• Data section:
»»

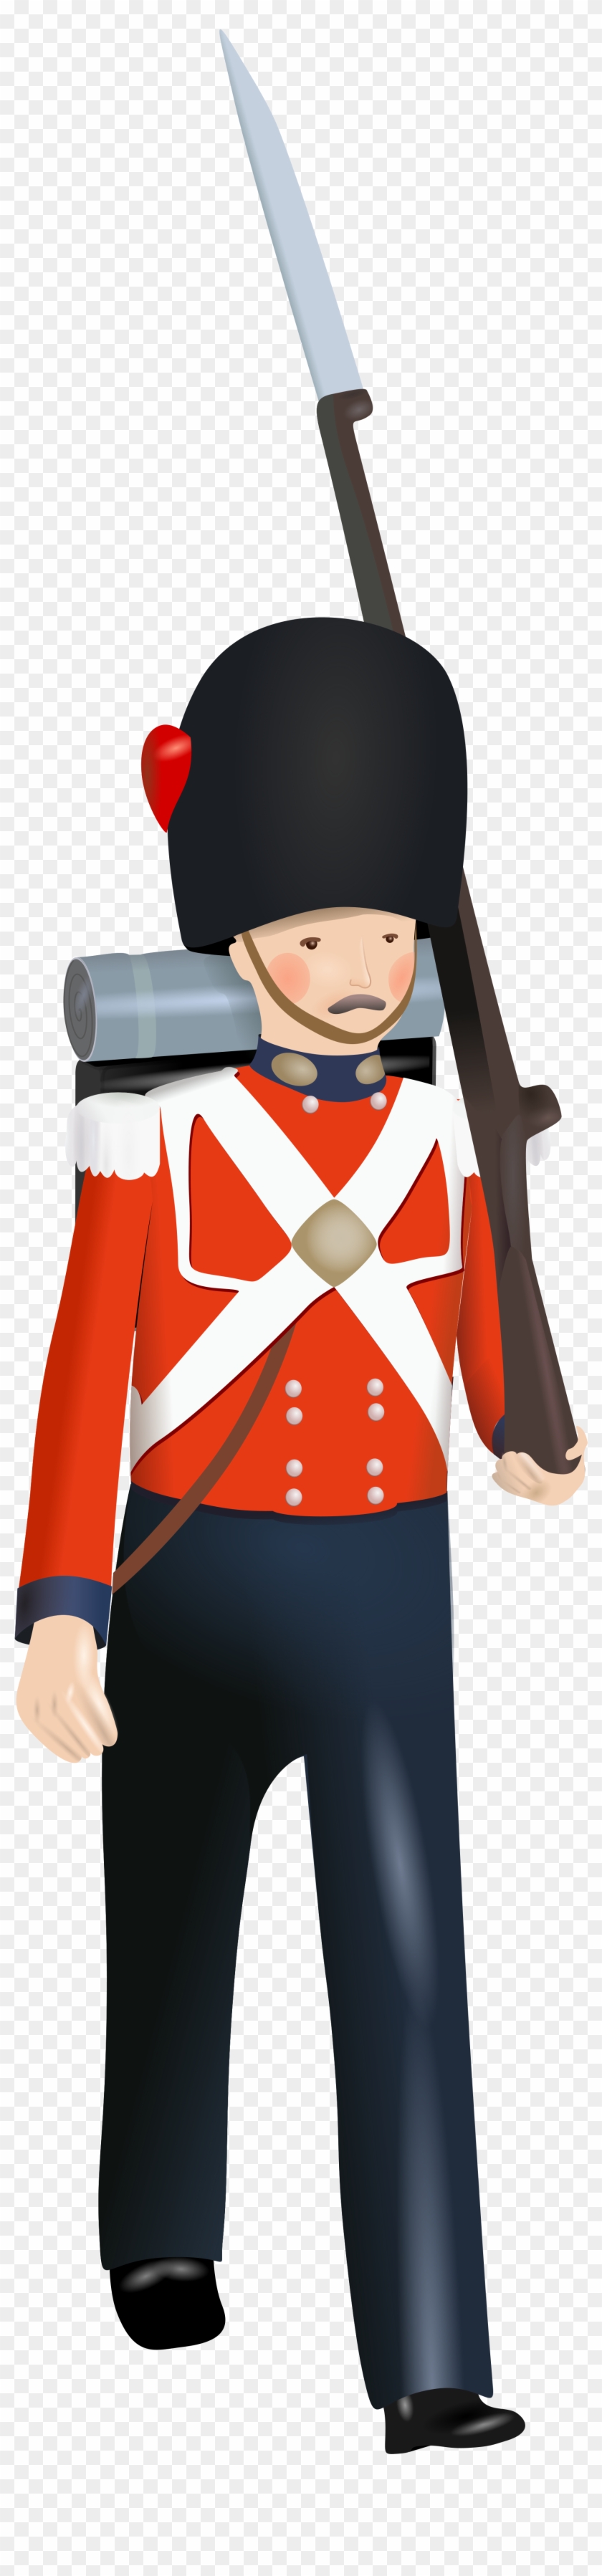 Open - English Soldier Png #1338164
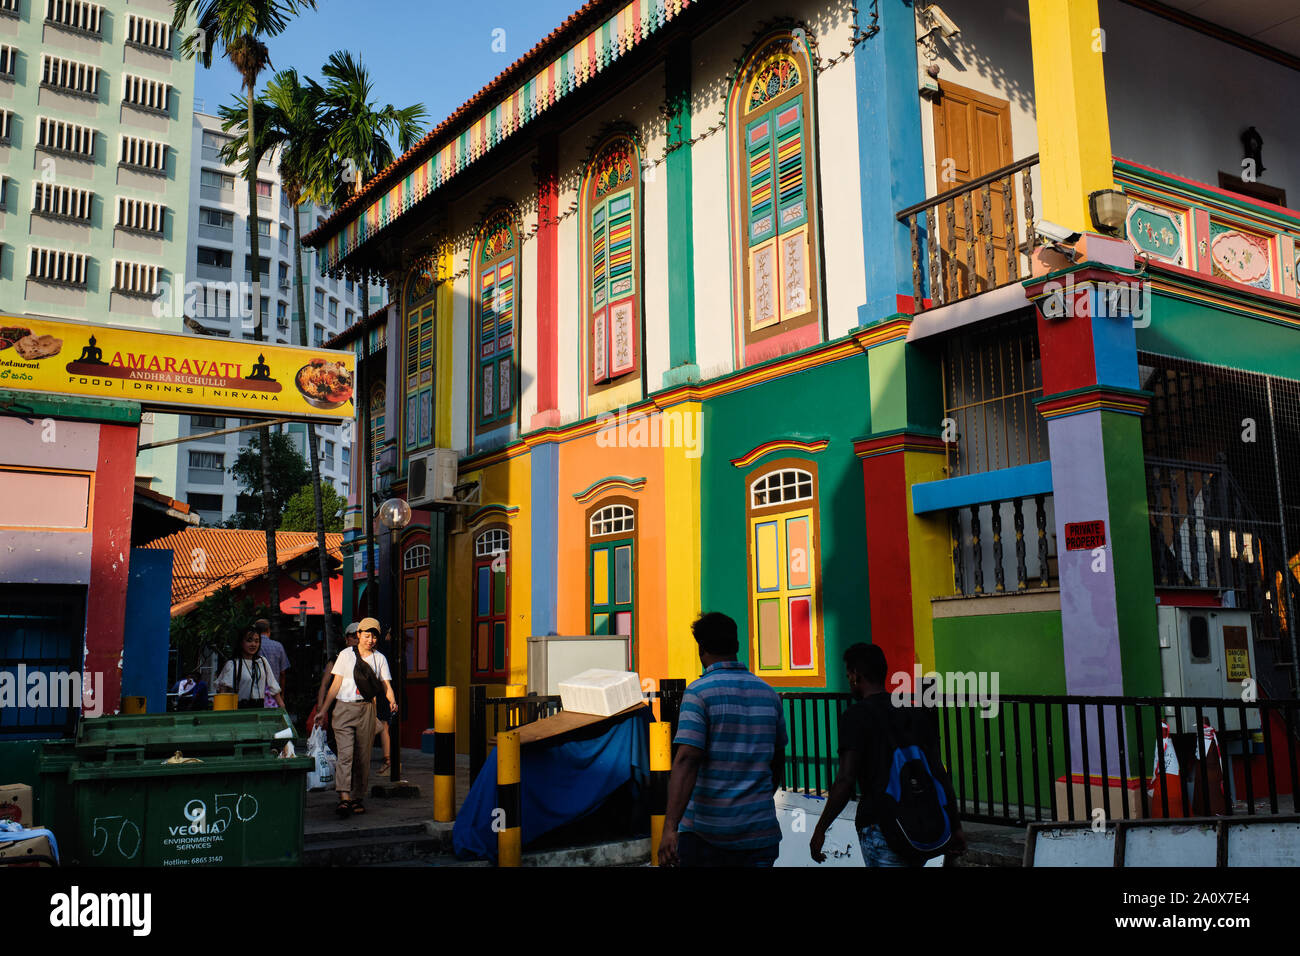 The colorful house of Tang Teng Niah, the former residence of a Chinese entrepreneur in Indian-dominated Little India area, Singapore Stock Photo
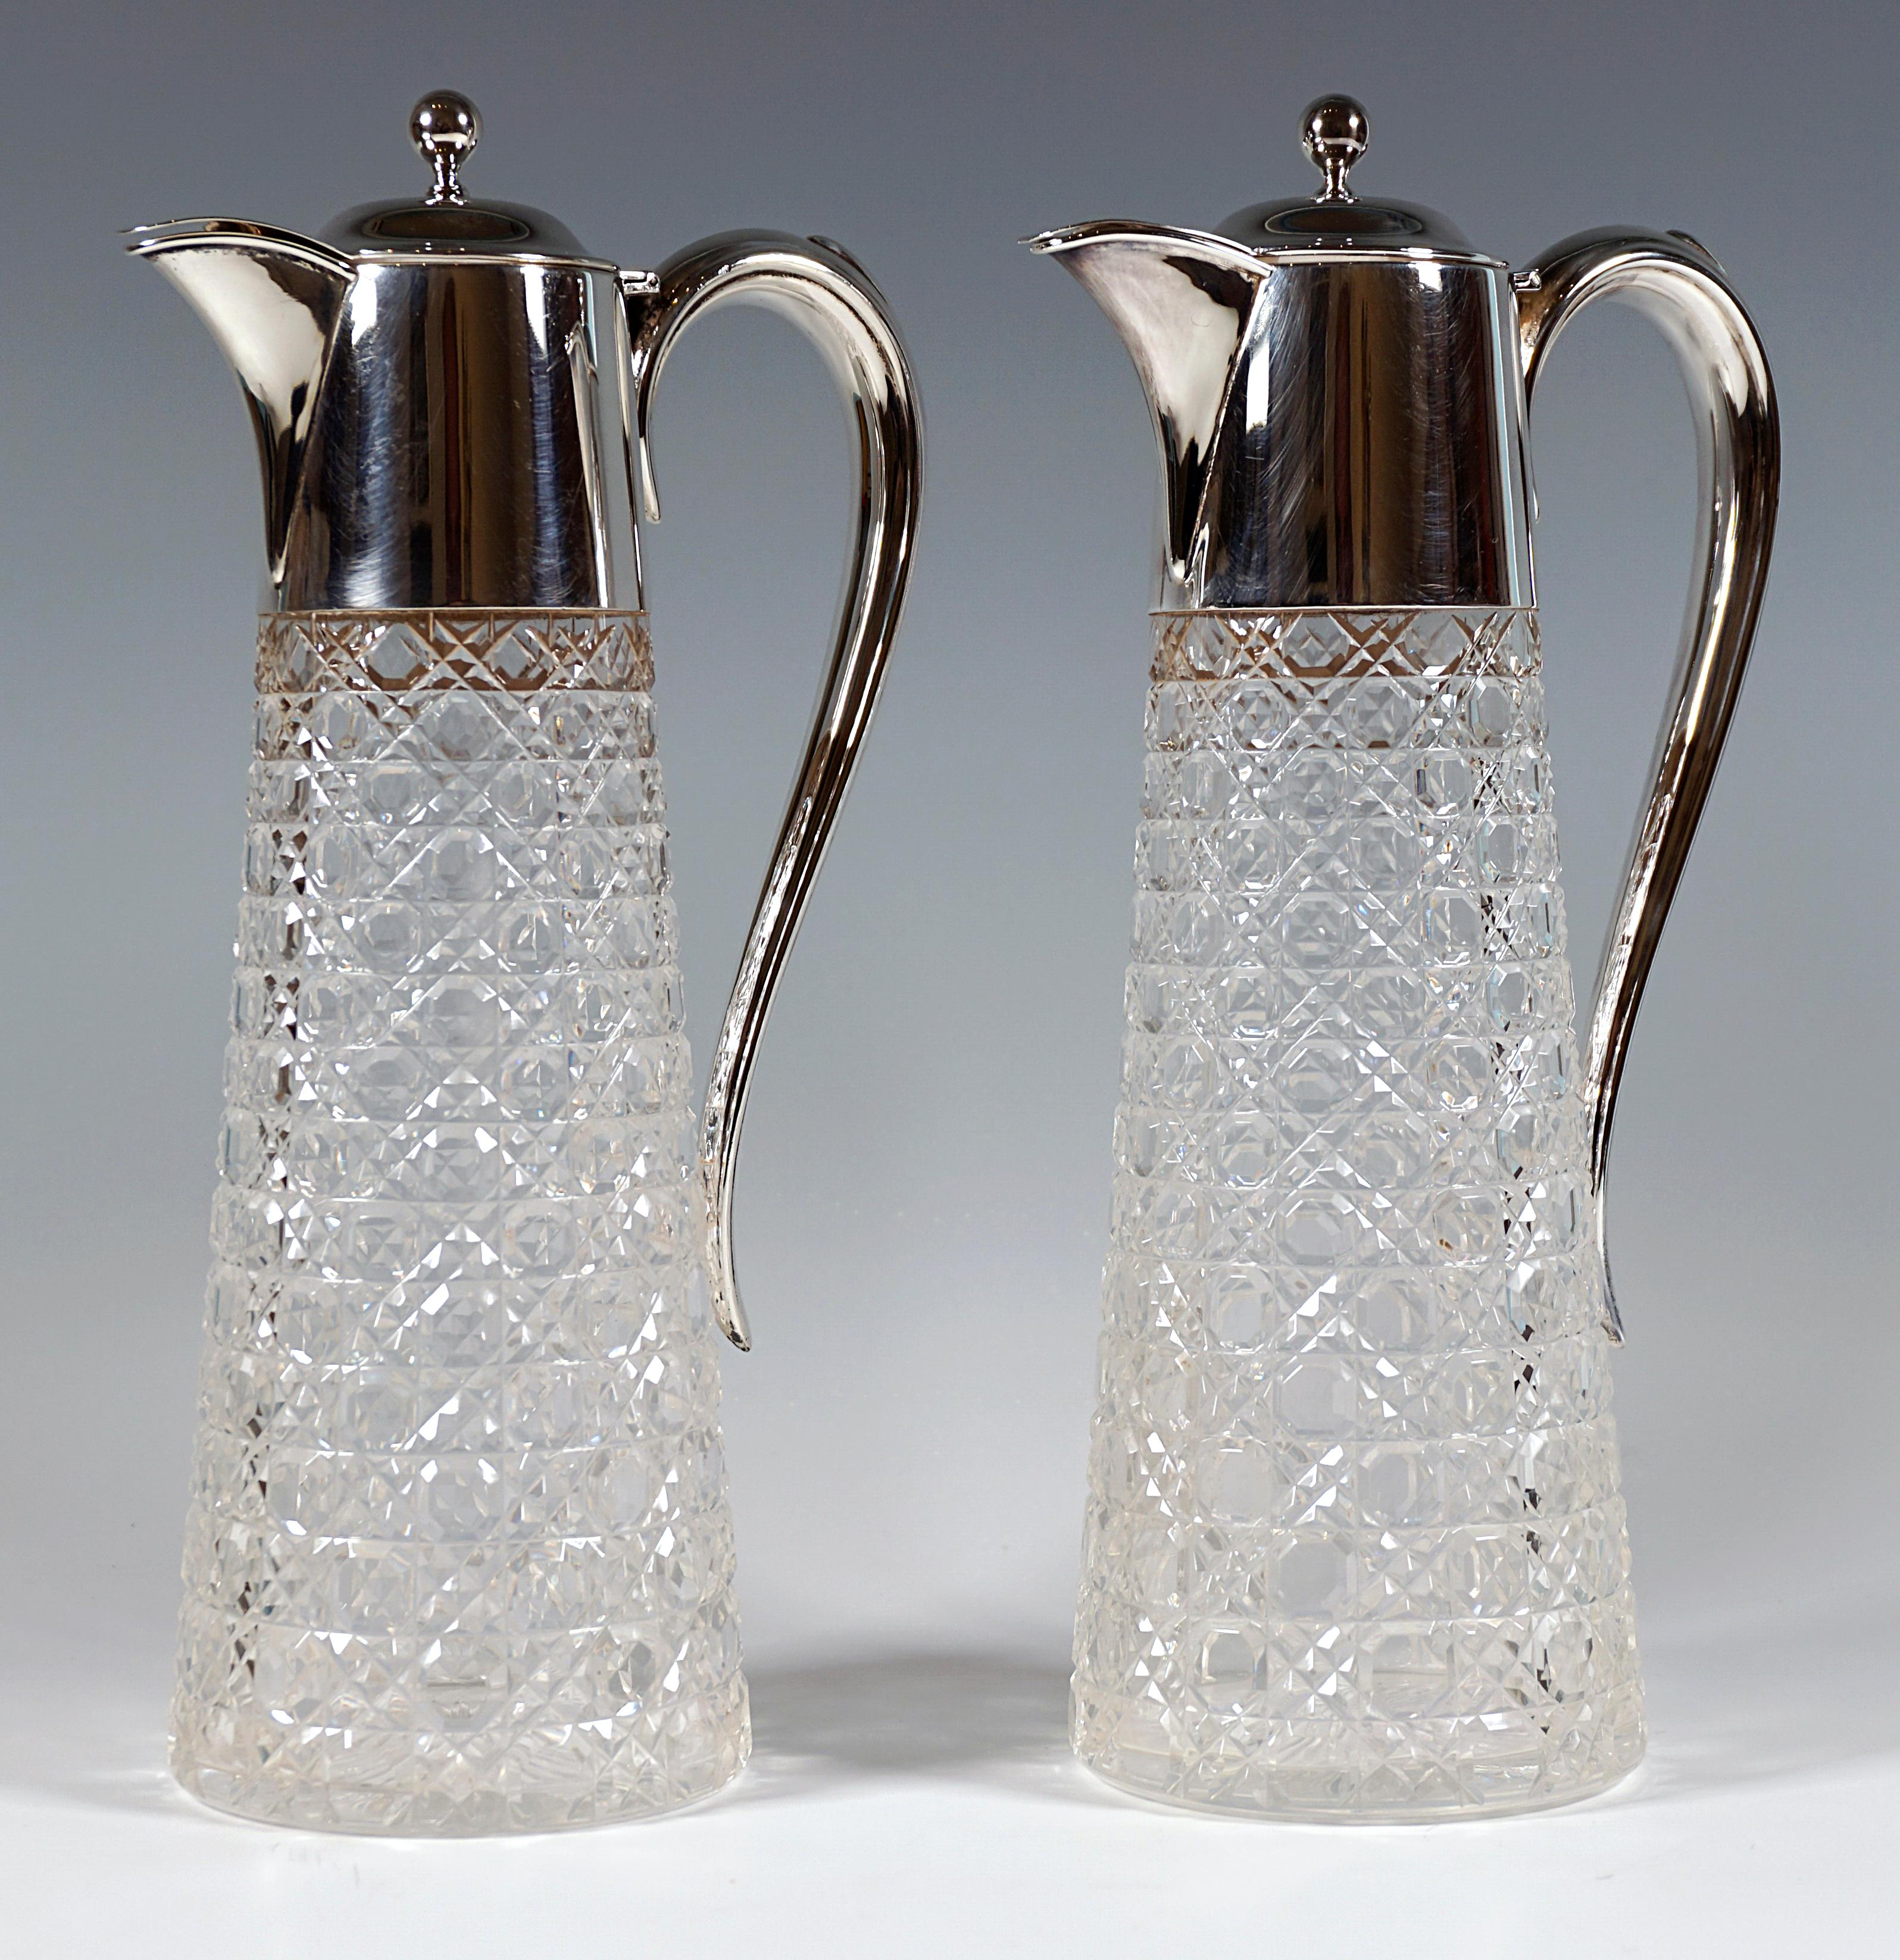 English Pair Of Art Nouveau Carafes With Silver Mount by Barker Brothers Birmingham 1901 For Sale
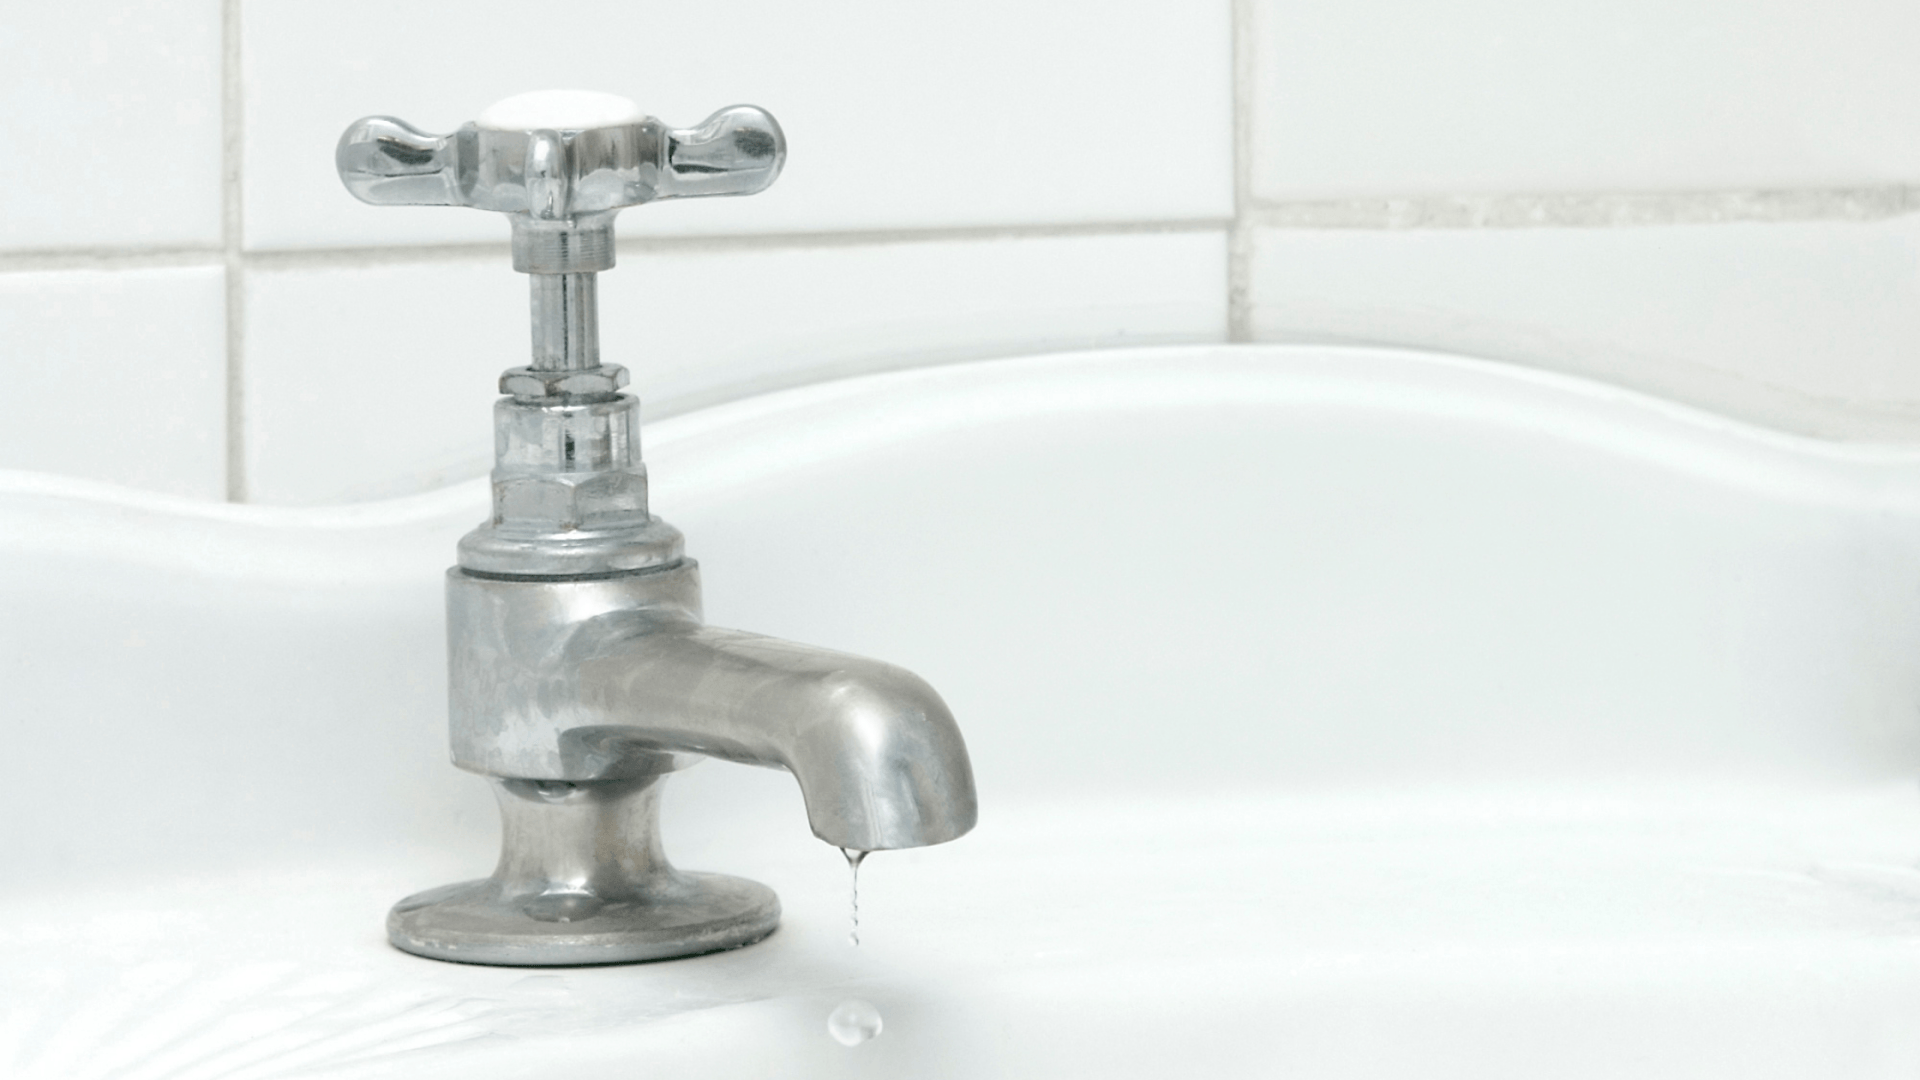 Leaking tap into the sink at home

««

• Your objective: Reproduce the data above exactly, leaving each picture out.

• Finished exercise:
 Open - English Soldier Png #1338164
 The colorful house of Tang Teng Niah, the former residence of a Chinese entrepreneur in Indian-dominated Little India area, Singapore Stock Photo
 English Pair Of Art Nouveau Carafes With Silver Mount by Barker Brothers Birmingham 1901 For Sale
 Leaking tap into the sink at home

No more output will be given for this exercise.